Records from a data source
====================

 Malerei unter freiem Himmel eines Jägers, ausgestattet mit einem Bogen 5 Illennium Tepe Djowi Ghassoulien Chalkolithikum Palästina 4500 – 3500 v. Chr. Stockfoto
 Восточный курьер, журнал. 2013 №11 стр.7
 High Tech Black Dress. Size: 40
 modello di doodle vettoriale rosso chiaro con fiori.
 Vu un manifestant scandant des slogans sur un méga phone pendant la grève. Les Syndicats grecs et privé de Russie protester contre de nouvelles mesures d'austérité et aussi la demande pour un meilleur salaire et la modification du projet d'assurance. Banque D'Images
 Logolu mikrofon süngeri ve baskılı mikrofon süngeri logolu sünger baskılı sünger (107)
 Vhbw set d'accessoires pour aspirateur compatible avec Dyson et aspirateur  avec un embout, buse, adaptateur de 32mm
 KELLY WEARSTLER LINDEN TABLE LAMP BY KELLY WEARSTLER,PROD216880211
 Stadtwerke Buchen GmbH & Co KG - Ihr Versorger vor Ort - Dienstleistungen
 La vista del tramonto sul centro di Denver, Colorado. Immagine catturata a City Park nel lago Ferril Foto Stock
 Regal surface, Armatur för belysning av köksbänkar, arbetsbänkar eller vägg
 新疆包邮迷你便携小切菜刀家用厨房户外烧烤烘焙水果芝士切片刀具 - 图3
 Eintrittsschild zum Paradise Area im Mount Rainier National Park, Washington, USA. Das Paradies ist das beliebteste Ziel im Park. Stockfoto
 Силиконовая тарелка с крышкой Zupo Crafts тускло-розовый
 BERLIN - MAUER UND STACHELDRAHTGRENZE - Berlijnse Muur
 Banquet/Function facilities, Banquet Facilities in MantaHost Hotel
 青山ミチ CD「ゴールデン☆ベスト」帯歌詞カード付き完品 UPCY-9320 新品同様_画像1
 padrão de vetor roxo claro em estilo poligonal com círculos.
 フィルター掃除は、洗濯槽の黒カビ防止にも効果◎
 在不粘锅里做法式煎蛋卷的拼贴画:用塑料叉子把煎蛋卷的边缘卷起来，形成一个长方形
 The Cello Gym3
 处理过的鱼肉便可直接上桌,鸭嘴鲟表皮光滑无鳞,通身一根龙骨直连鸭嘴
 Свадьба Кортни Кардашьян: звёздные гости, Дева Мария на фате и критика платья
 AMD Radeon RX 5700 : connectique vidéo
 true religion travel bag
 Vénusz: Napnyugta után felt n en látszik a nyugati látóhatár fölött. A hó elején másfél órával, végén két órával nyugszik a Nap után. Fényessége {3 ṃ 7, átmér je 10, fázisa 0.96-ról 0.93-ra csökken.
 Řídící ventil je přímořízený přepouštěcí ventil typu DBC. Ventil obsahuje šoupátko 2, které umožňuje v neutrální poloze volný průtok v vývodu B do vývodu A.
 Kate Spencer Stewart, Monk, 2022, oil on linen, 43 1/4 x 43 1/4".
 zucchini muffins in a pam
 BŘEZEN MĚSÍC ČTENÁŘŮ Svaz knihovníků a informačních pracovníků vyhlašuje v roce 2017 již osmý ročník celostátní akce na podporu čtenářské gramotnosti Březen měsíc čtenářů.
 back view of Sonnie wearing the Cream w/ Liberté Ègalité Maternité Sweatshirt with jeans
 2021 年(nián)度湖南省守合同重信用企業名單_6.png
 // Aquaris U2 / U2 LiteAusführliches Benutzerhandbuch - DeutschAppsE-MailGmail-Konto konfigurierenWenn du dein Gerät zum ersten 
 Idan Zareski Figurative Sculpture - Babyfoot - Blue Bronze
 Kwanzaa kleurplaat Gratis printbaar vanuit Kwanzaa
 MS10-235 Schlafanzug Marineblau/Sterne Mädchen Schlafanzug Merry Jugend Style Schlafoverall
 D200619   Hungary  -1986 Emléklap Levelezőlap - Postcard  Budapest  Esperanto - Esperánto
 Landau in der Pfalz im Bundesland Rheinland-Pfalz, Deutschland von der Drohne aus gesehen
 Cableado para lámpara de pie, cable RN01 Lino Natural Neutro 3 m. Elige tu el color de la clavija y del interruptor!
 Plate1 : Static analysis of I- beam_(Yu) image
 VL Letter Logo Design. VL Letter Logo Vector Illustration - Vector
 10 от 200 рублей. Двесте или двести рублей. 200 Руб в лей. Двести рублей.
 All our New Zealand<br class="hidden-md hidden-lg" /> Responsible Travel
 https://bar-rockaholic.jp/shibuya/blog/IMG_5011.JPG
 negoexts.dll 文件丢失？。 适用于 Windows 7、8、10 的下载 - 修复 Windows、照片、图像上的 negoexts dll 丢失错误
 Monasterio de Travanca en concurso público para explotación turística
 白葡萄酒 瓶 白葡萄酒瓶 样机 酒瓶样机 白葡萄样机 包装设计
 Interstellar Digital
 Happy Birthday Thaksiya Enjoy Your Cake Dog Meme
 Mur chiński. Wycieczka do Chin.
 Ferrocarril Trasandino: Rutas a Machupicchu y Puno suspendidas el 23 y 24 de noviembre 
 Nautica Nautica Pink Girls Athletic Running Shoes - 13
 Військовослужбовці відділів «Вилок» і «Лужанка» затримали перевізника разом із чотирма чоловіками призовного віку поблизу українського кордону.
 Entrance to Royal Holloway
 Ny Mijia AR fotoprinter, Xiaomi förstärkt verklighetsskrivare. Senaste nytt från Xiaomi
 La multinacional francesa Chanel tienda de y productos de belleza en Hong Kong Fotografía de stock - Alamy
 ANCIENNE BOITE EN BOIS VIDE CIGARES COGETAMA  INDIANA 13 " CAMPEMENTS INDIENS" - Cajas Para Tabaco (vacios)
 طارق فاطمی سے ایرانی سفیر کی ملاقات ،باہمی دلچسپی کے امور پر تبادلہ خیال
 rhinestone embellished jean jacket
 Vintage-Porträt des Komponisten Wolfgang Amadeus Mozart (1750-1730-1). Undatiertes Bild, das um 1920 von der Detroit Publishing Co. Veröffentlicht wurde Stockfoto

====================

**WHAT IS REQUIRED**
Nothing may be left out: return each entry exactly as it reads.

**TASK OUTPUT**
 Malerei unter freiem Himmel eines Jägers, ausgestattet mit einem Bogen 5 Illennium Tepe Djowi Ghassoulien Chalkolithikum Palästina 4500 – 3500 v. Chr. Stockfoto
 Восточный курьер, журнал. 2013 №11 стр.7
 High Tech Black Dress. Size: 40
 modello di doodle vettoriale rosso chiaro con fiori.
 Vu un manifestant scandant des slogans sur un méga phone pendant la grève. Les Syndicats grecs et privé de Russie protester contre de nouvelles mesures d'austérité et aussi la demande pour un meilleur salaire et la modification du projet d'assurance. Banque D'Images
 Logolu mikrofon süngeri ve baskılı mikrofon süngeri logolu sünger baskılı sünger (107)
 Vhbw set d'accessoires pour aspirateur compatible avec Dyson et aspirateur  avec un embout, buse, adaptateur de 32mm
 KELLY WEARSTLER LINDEN TABLE LAMP BY KELLY WEARSTLER,PROD216880211
 Stadtwerke Buchen GmbH & Co KG - Ihr Versorger vor Ort - Dienstleistungen
 La vista del tramonto sul centro di Denver, Colorado. Immagine catturata a City Park nel lago Ferril Foto Stock
 Regal surface, Armatur för belysning av köksbänkar, arbetsbänkar eller vägg
 新疆包邮迷你便携小切菜刀家用厨房户外烧烤烘焙水果芝士切片刀具 - 图3
 Eintrittsschild zum Paradise Area im Mount Rainier National Park, Washington, USA. Das Paradies ist das beliebteste Ziel im Park. Stockfoto
 Силиконовая тарелка с крышкой Zupo Crafts тускло-розовый
 BERLIN - MAUER UND STACHELDRAHTGRENZE - Berlijnse Muur
 Banquet/Function facilities, Banquet Facilities in MantaHost Hotel
 青山ミチ CD「ゴールデン☆ベスト」帯歌詞カード付き完品 UPCY-9320 新品同様_画像1
 padrão de vetor roxo claro em estilo poligonal com círculos.
 フィルター掃除は、洗濯槽の黒カビ防止にも効果◎
 在不粘锅里做法式煎蛋卷的拼贴画:用塑料叉子把煎蛋卷的边缘卷起来，形成一个长方形
 The Cello Gym3
 处理过的鱼肉便可直接上桌,鸭嘴鲟表皮光滑无鳞,通身一根龙骨直连鸭嘴
 Свадьба Кортни Кардашьян: звёздные гости, Дева Мария на фате и критика платья
 AMD Radeon RX 5700 : connectique vidéo
 true religion travel bag
 Vénusz: Napnyugta után felt n en látszik a nyugati látóhatár fölött. A hó elején másfél órával, végén két órával nyugszik a Nap után. Fényessége {3 ṃ 7, átmér je 10, fázisa 0.96-ról 0.93-ra csökken.
 Řídící ventil je přímořízený přepouštěcí ventil typu DBC. Ventil obsahuje šoupátko 2, které umožňuje v neutrální poloze volný průtok v vývodu B do vývodu A.
 Kate Spencer Stewart, Monk, 2022, oil on linen, 43 1/4 x 43 1/4".
 zucchini muffins in a pam
 BŘEZEN MĚSÍC ČTENÁŘŮ Svaz knihovníků a informačních pracovníků vyhlašuje v roce 2017 již osmý ročník celostátní akce na podporu čtenářské gramotnosti Březen měsíc čtenářů.
 back view of Sonnie wearing the Cream w/ Liberté Ègalité Maternité Sweatshirt with jeans
 2021 年(nián)度湖南省守合同重信用企業名單_6.png
 // Aquaris U2 / U2 LiteAusführliches Benutzerhandbuch - DeutschAppsE-MailGmail-Konto konfigurierenWenn du dein Gerät zum ersten 
 Idan Zareski Figurative Sculpture - Babyfoot - Blue Bronze
 Kwanzaa kleurplaat Gratis printbaar vanuit Kwanzaa
 MS10-235 Schlafanzug Marineblau/Sterne Mädchen Schlafanzug Merry Jugend Style Schlafoverall
 D200619   Hungary  -1986 Emléklap Levelezőlap - Postcard  Budapest  Esperanto - Esperánto
 Landau in der Pfalz im Bundesland Rheinland-Pfalz, Deutschland von der Drohne aus gesehen
 Cableado para lámpara de pie, cable RN01 Lino Natural Neutro 3 m. Elige tu el color de la clavija y del interruptor!
 Plate1 : Static analysis of I- beam_(Yu) image
 VL Letter Logo Design. VL Letter Logo Vector Illustration - Vector
 10 от 200 рублей. Двесте или двести рублей. 200 Руб в лей. Двести рублей.
 All our New Zealand<br class="hidden-md hidden-lg" /> Responsible Travel
 https://bar-rockaholic.jp/shibuya/blog/IMG_5011.JPG
 negoexts.dll 文件丢失？。 适用于 Windows 7、8、10 的下载 - 修复 Windows、照片、图像上的 negoexts dll 丢失错误
 Monasterio de Travanca en concurso público para explotación turística
 白葡萄酒 瓶 白葡萄酒瓶 样机 酒瓶样机 白葡萄样机 包装设计
 Interstellar Digital
 Happy Birthday Thaksiya Enjoy Your Cake Dog Meme
 Mur chiński. Wycieczka do Chin.
 Ferrocarril Trasandino: Rutas a Machupicchu y Puno suspendidas el 23 y 24 de noviembre 
 Nautica Nautica Pink Girls Athletic Running Shoes - 13
 Військовослужбовці відділів «Вилок» і «Лужанка» затримали перевізника разом із чотирма чоловіками призовного віку поблизу українського кордону.
 Entrance to Royal Holloway
 Ny Mijia AR fotoprinter, Xiaomi förstärkt verklighetsskrivare. Senaste nytt från Xiaomi
 La multinacional francesa Chanel tienda de y productos de belleza en Hong Kong Fotografía de stock - Alamy
 ANCIENNE BOITE EN BOIS VIDE CIGARES COGETAMA  INDIANA 13 " CAMPEMENTS INDIENS" - Cajas Para Tabaco (vacios)
 طارق فاطمی سے ایرانی سفیر کی ملاقات ،باہمی دلچسپی کے امور پر تبادلہ خیال
 rhinestone embellished jean jacket
 Vintage-Porträt des Komponisten Wolfgang Amadeus Mozart (1750-1730-1). Undatiertes Bild, das um 1920 von der Detroit Publishing Co. Veröffentlicht wurde Stockfoto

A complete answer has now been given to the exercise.